A Igreja acompanha como mãe o filho de sua graça durante toda a sua peregrinação terrestre; e ela continua a acompanhar, como mãe amorosa, todos os que faleceram e estão sepultados nos cemitérios. Mesmo que estejam mortos há muito tempo, mesmo que não haja mais família para se lembrar deles, mesmo que sua memória tenha passado há tempos, a Igreja não esquece nenhum de seus filhos, e a sepultura ajuda a comunidade cristã a estar próxima dos falecidos e em comunhão de fé, esperança e amor.

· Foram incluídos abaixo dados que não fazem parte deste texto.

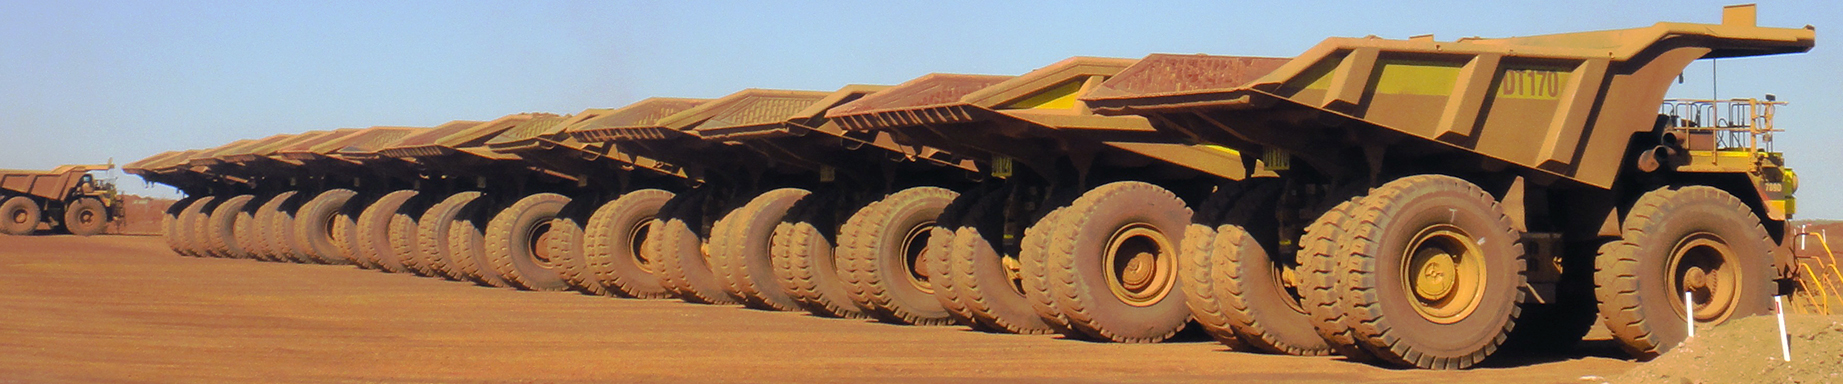 Luan OTR Tires
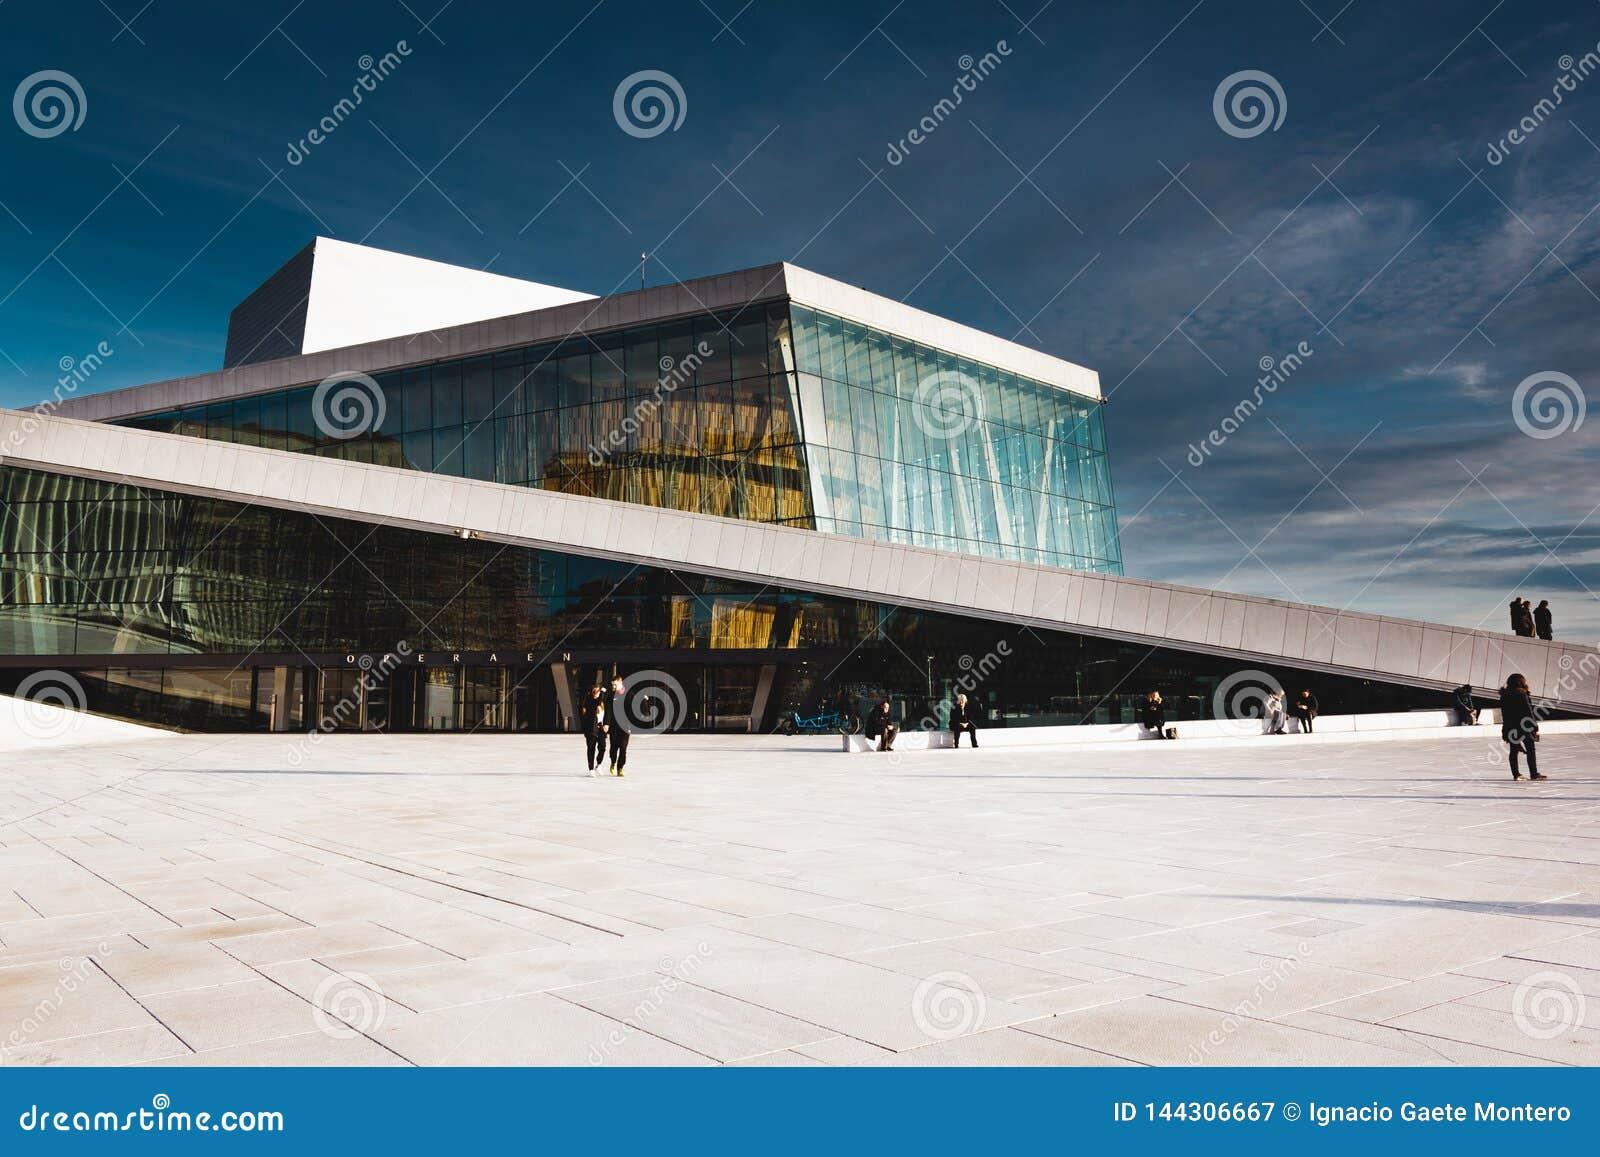 El teatro de la ópera de Oslo, Operahuset

Também é um erro espalhar as cinzas no ar, na terra ou na água. Deve-se evitar essa prática por causa dos equívocos que ela pode causar no fiel cristão. Sabemos que essas práticas estão eivadas de crenças panteístas (tudo é deus), naturalistas (a morte completa somente um ciclo natural) ou niilistas (não há ressurreição).

Recomendo como leitura muito importante de orientação e de doutrina a Instrução Ad resurgendum cum Christo, a propósito da sepultura dos defuntos e da conservação das cinzas da cremação, da Congregação para a Doutrina da Fé. https://www.vatican.va/roman_curia/congregations/cfaith/documents/rc_con_cfaith_doc_20160815_ad-resurgendum-cum-christo_po.html

Dom Julio Endi Akamine é arcebispo metropolitano da Arquidiocese de Sorocaba.